__ABOUT THIS EXERCISE__.
For the copy, please give all of the data again exactly and leave the pictures out.

__DATASET EXCERPT__.
· · · · ·

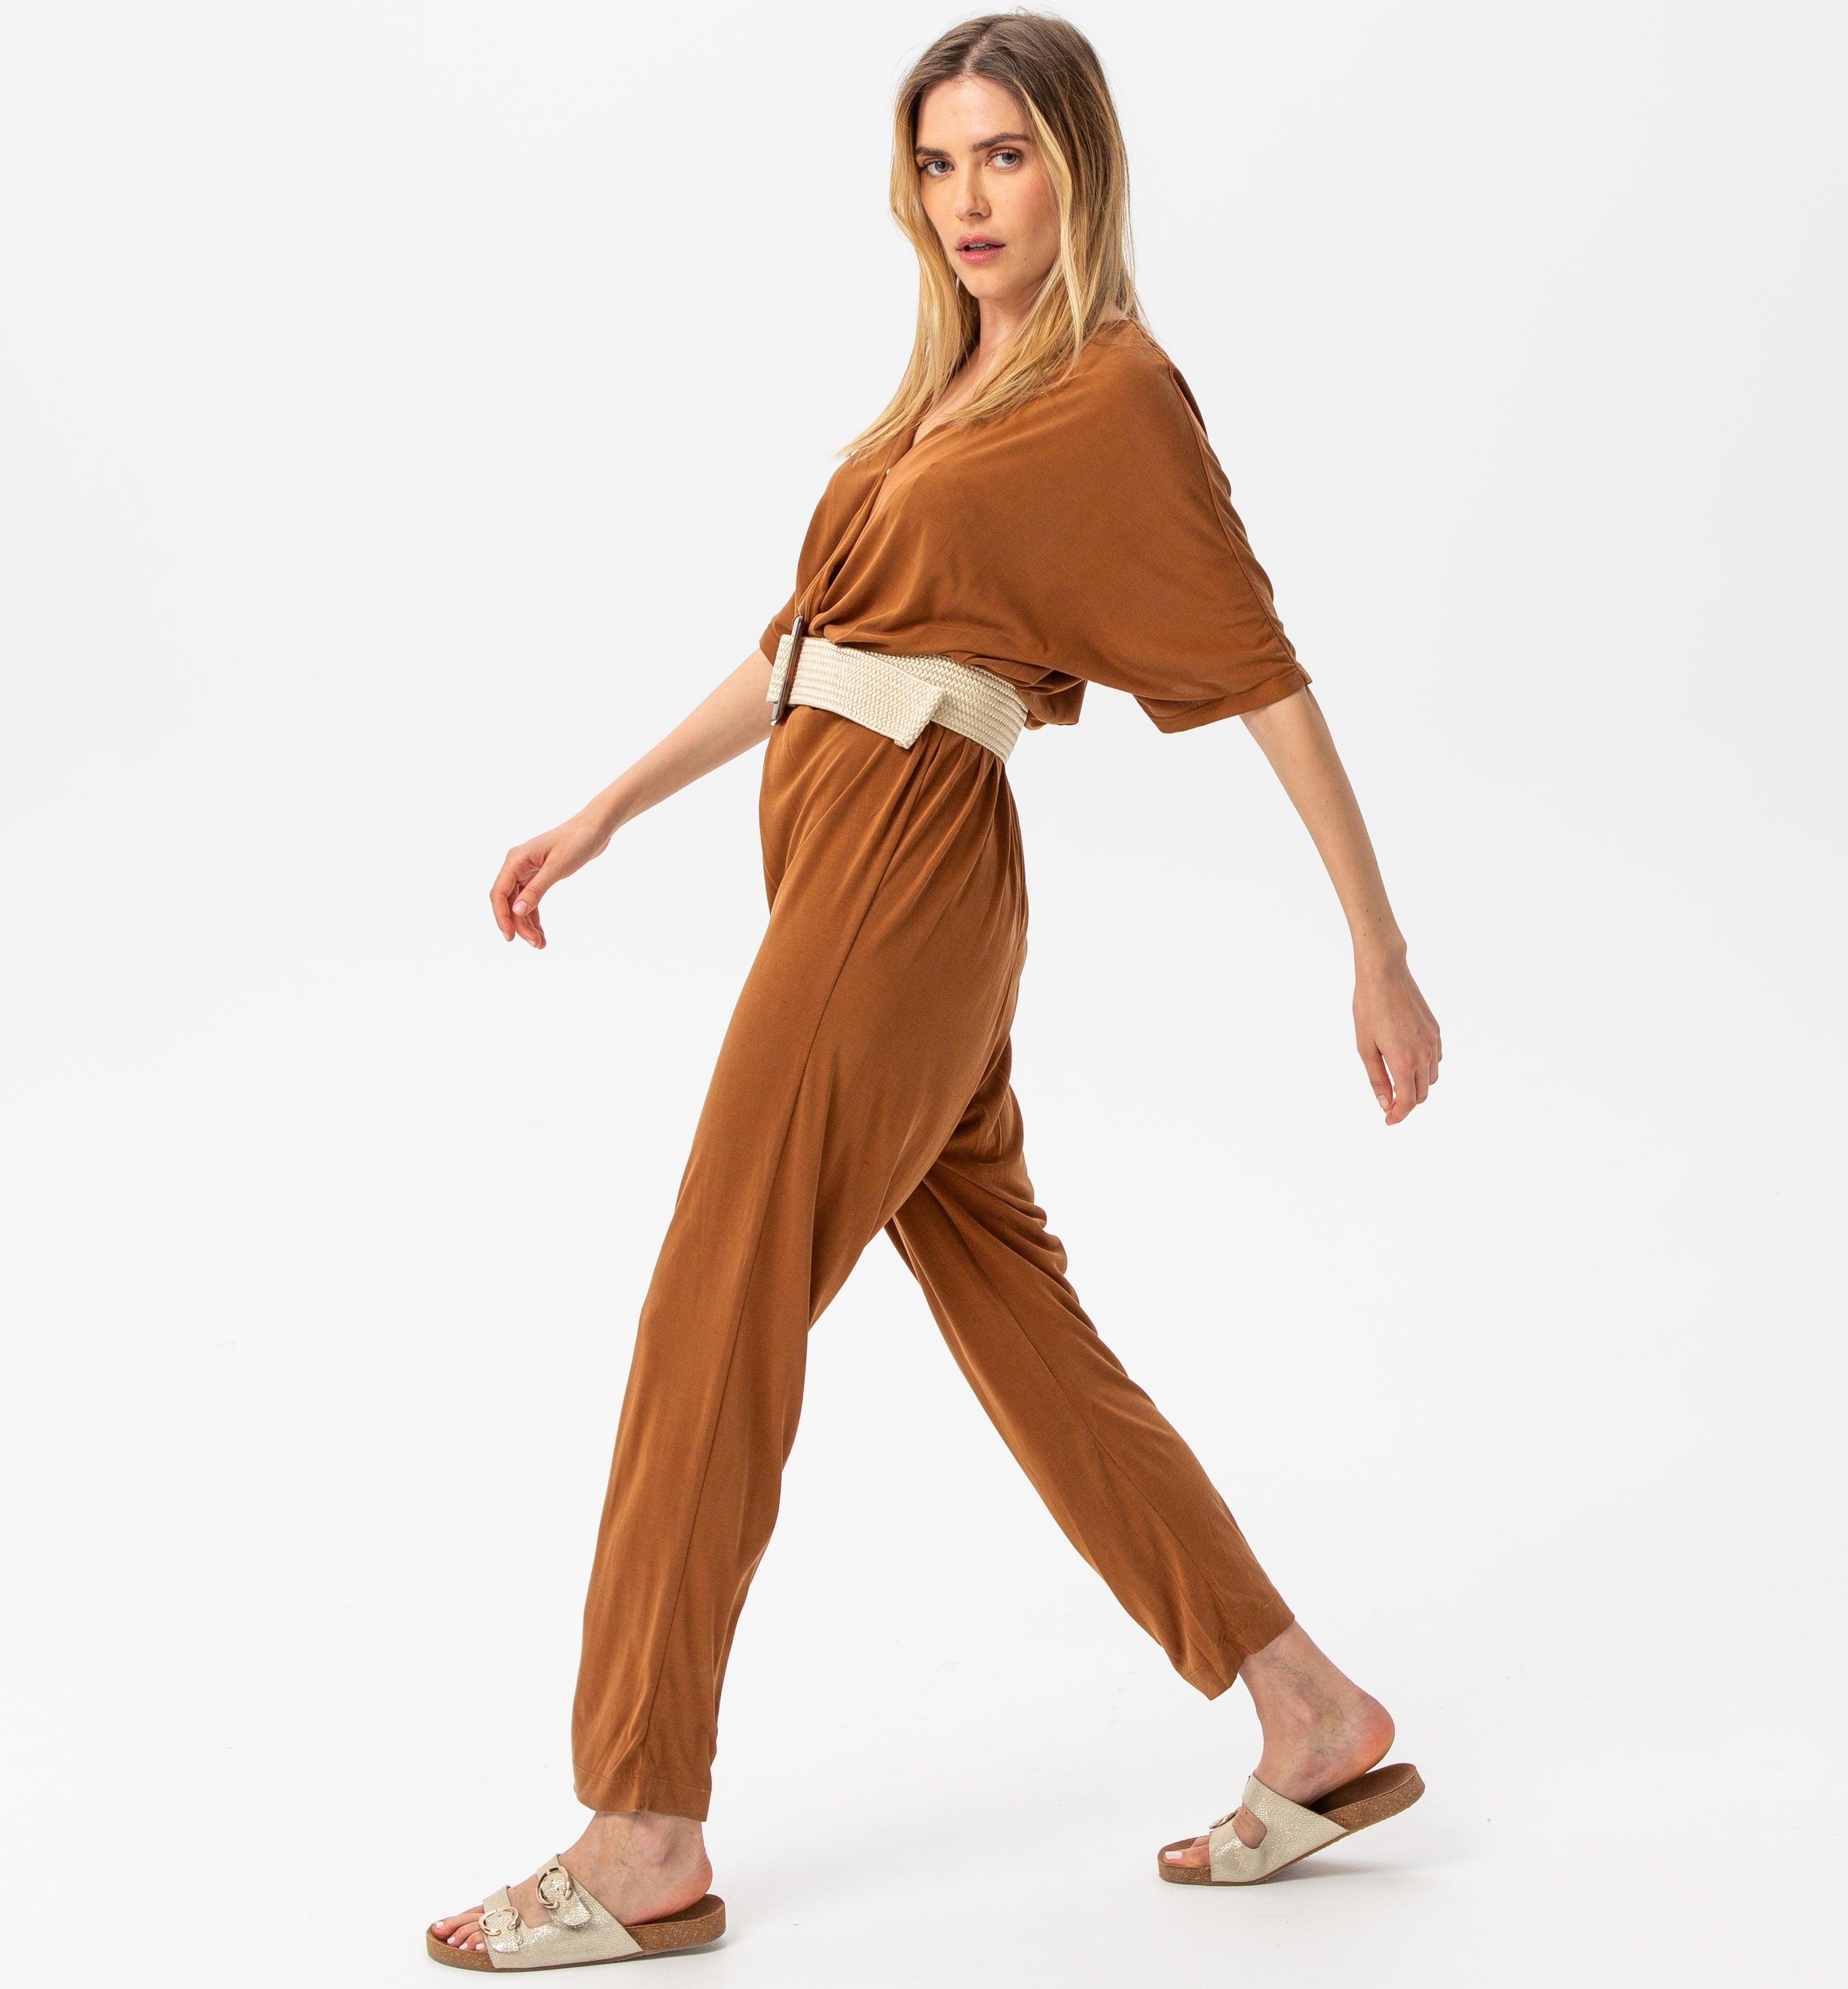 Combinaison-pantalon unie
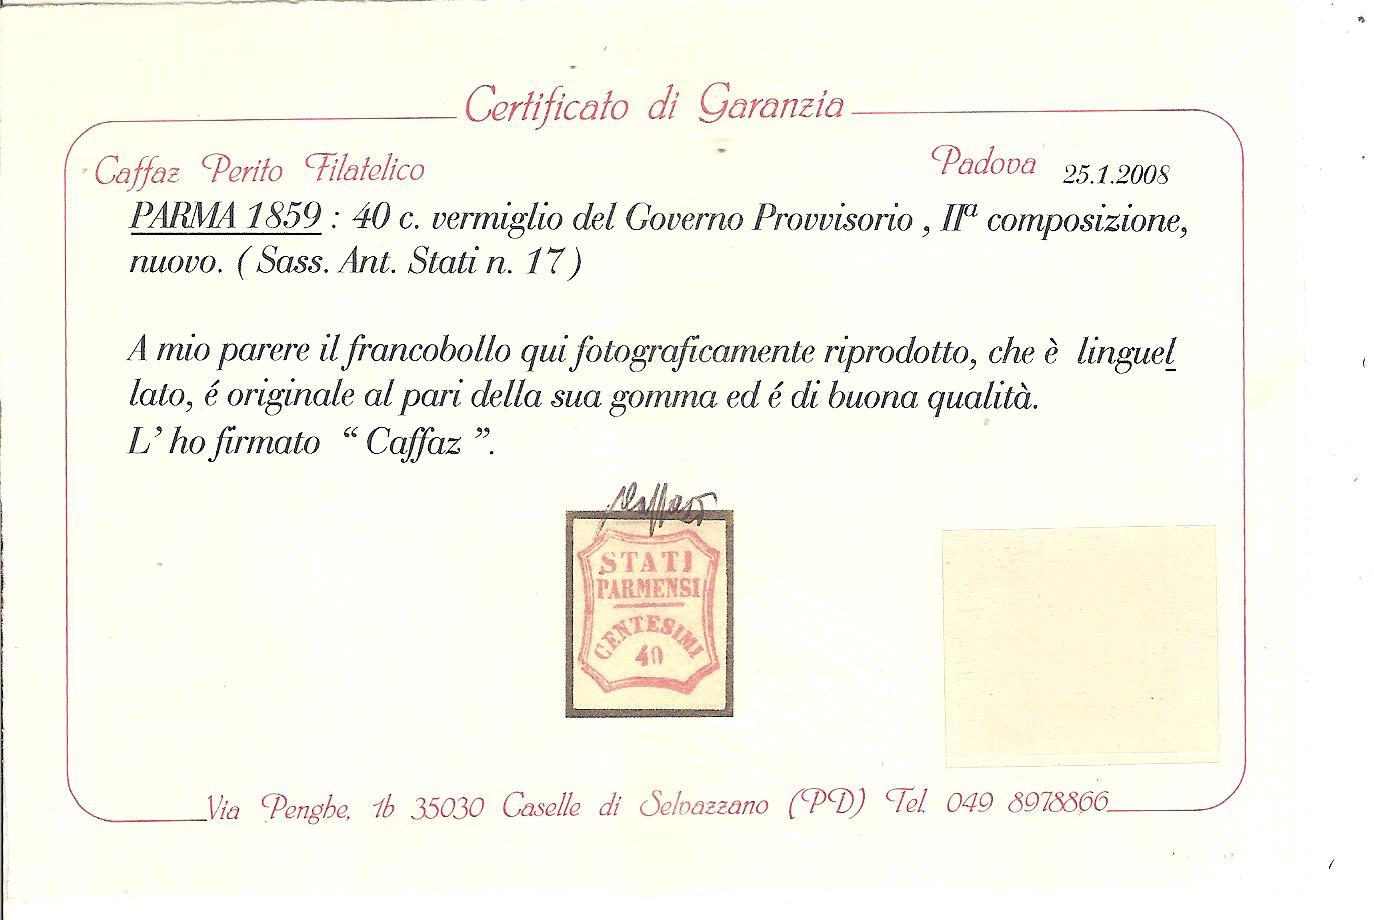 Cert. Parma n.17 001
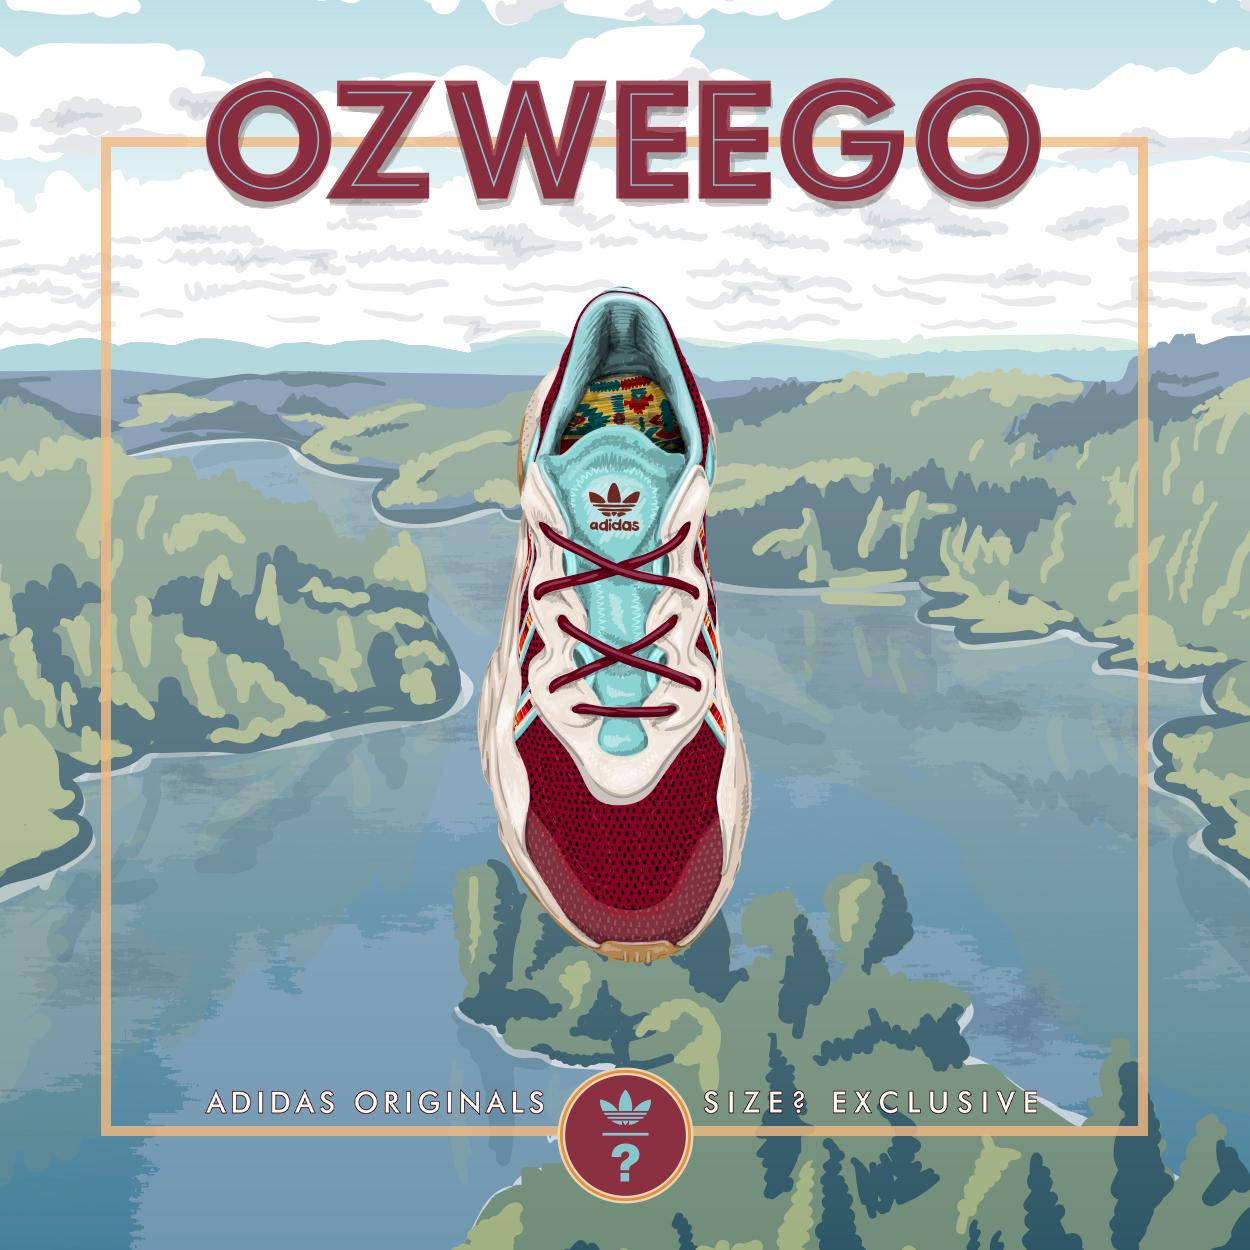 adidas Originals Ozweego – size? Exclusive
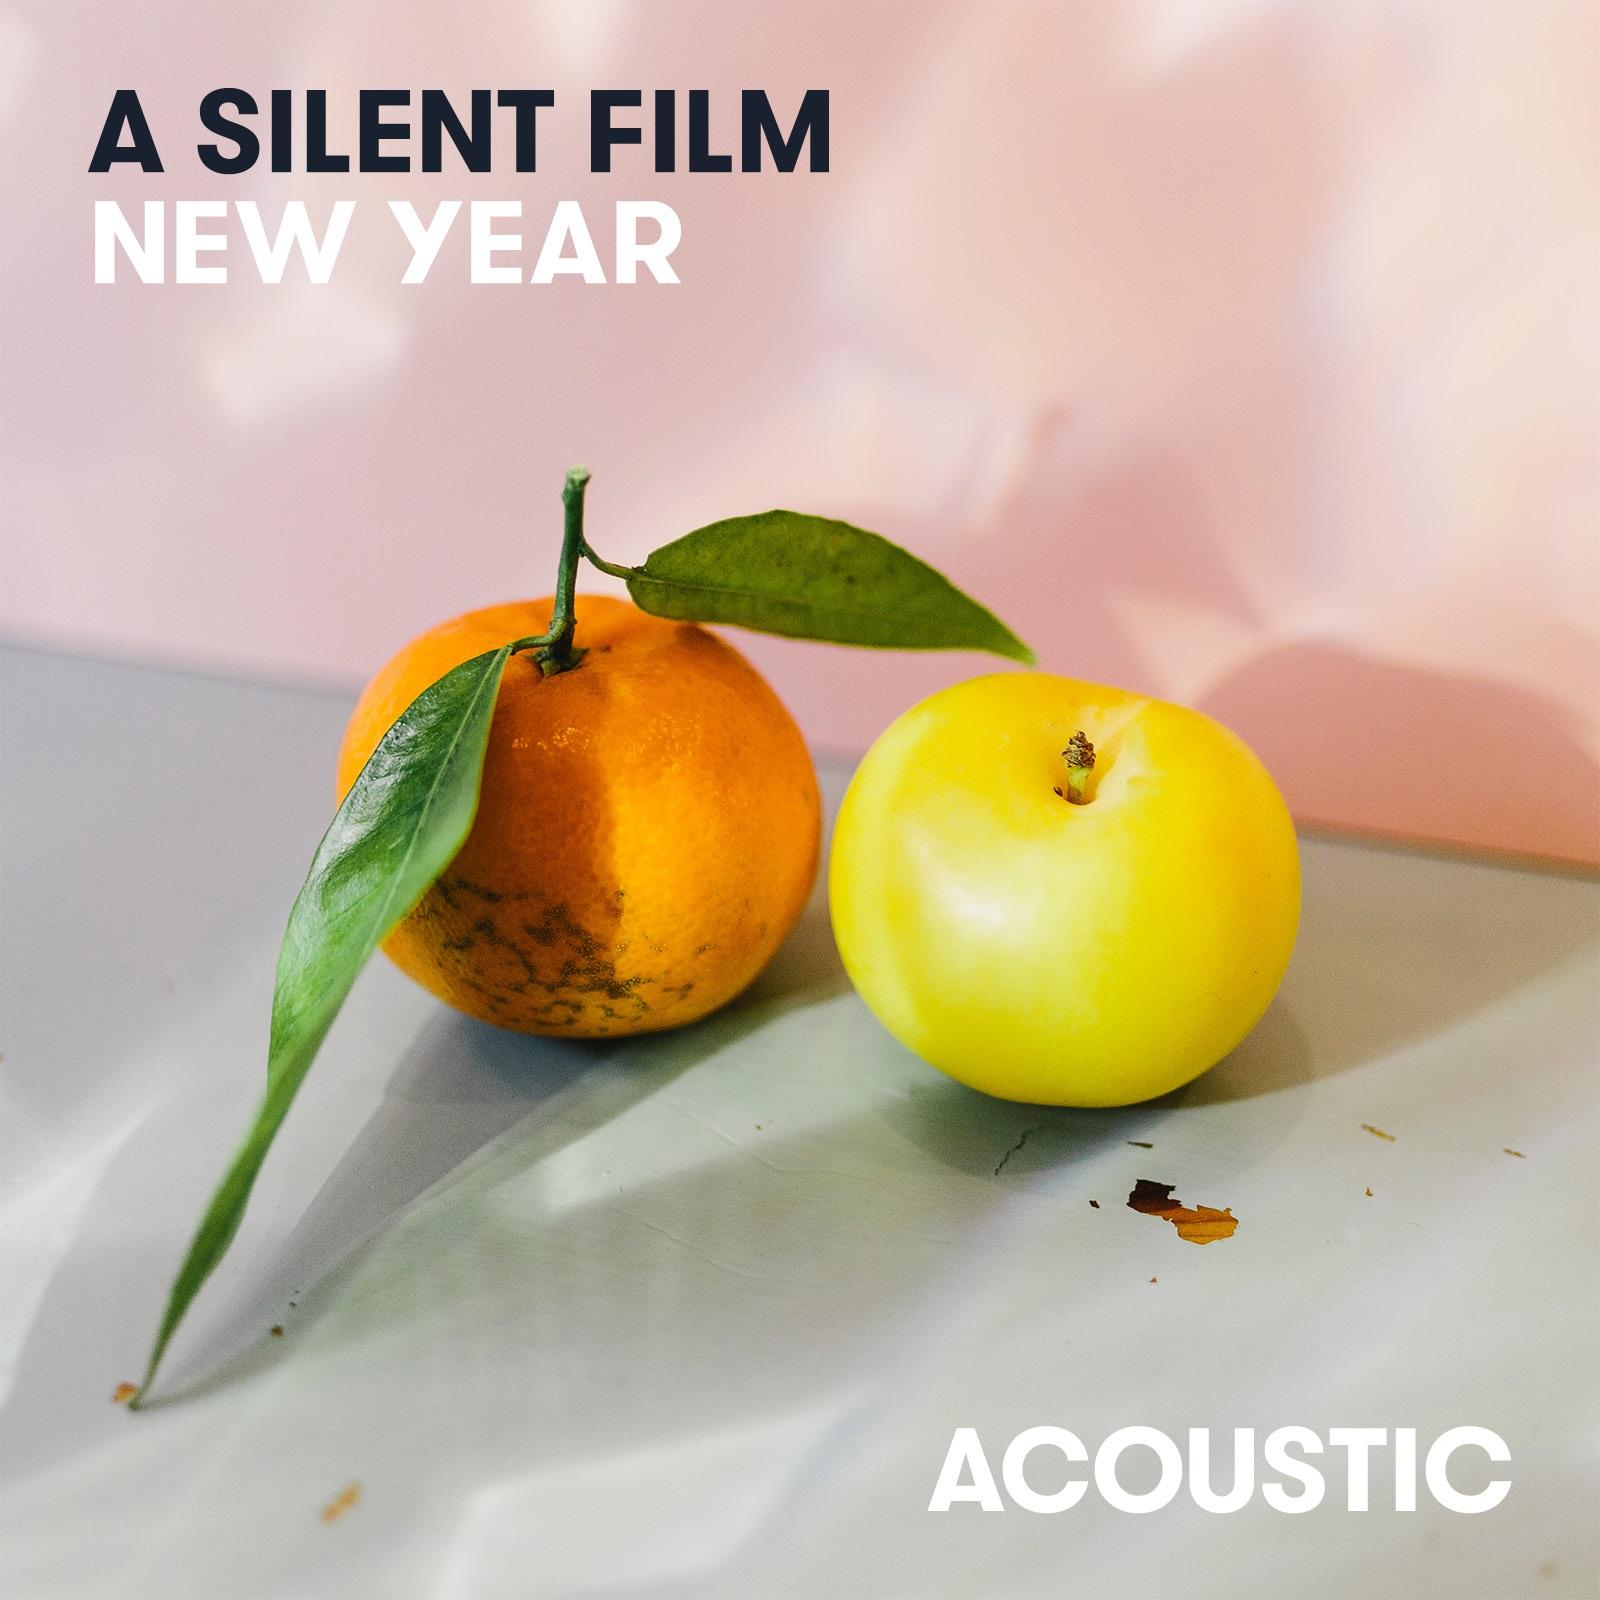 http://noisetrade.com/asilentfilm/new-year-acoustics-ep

· · · · ·

__OUTPUT BELOW__.
 Combinaison-pantalon unie
 Cert. Parma n.17 001
 adidas Originals Ozweego – size? Exclusive
 http://noisetrade.com/asilentfilm/new-year-acoustics-ep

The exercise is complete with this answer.